Imágenes de páginas
PDF
EPUB

As I pointed out here, we have devoted a great deal of time in communicating and talking with brewers all over the country to accomplish that purpose, but when you come to the suggestion that you stop opening the bottle and pouring into the glass, you are suggesting that the industry give up one of the most important techniques of advertising because, if you have noticed it yourself, you could not sell a wrapped up package. You unwrap a package.

Beer is wrapped up. It is wrapped up in a bottle. Most beer is wrapped up in an amber bottle. The technique and the art of advertising is to sell your product and the way you do it is to pour it into a glass and extol its virtues. We say that to deny us the right to use the techniques that have been developed over the years in the art and science of advertising is to discriminate against our industry in violation of the due process clause of the fifth amendment which prohibits discrimination among industries.

This brings us to our extended legal opinion which we desire to submit for the record as a part of our testimony.

Before concluding, however, we should like to read to you from pages 8, 9, and 12 of our legal opinion some additional and enlightening information as to the origin and purpose of the 21st amendment.

We should also like to read from pages 18 and 19, Mr. Eisenhower's views on the scope of the 21st amendment. But I am not going to read that. I am merely going to summarize that. This is the first time we have brought this historical information to the attention of any congressional committee.

The 21st amendment is a restatement of the repeal plank in the Democratic platform of 1932. The interpretation which the attorneys for the drys give to the 21st amendment; namely, that the Federal Government now has concurrent jurisdiction under the 21st amendment to assist the States in enforcing their laws, is a restatement of the repeal plank in the Republican platform of 1932, which was bitterly contested in the Republican Convention and almost defeated.
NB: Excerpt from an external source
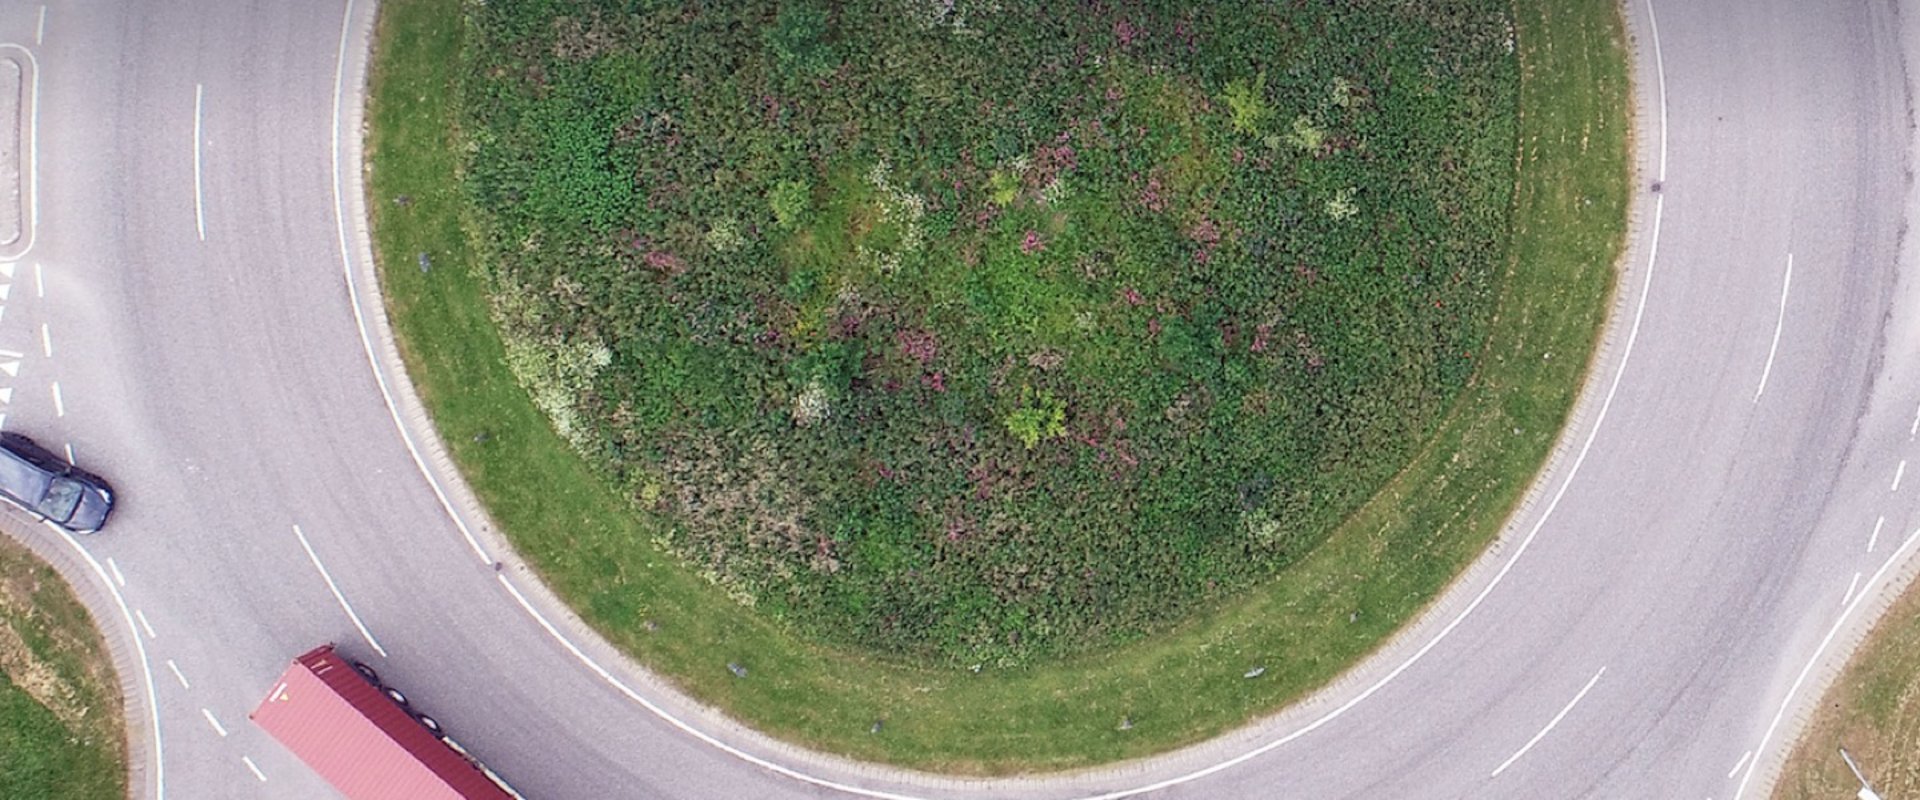 Dronefoto af en rundkørsel med en græsplæne i midten. En blå lastbil med rød anhænger er i rundkørslen nederst i billedet efterfulgt af en mørk personbil, der er på vej ind i rundkørslen i venstre side af billedet

In 1936, Congress passed an act to enforce the 21st amendment. That act was a legislative interpretation of the 21st amendment. The committee reports of the House Judiciary Committee and the Senate Judiciary Committee are virtual restatements of the repeal plank of the Democratic platform of 1932.

During the campaign preceding the presidential election of 1952, Mr. Eisenhower's views on the subject of Federal regulation of alcoholic beverage industry were solicited by the legislative representative of the Woman's Christian Temperance Union. The legislative representative's wire to Mr. Eisenhower was not made public, but we cannot escape the conclusion from the nature of Mr. Eisenhower's reply that her wire solicited his views on Federal legislation such as this bill.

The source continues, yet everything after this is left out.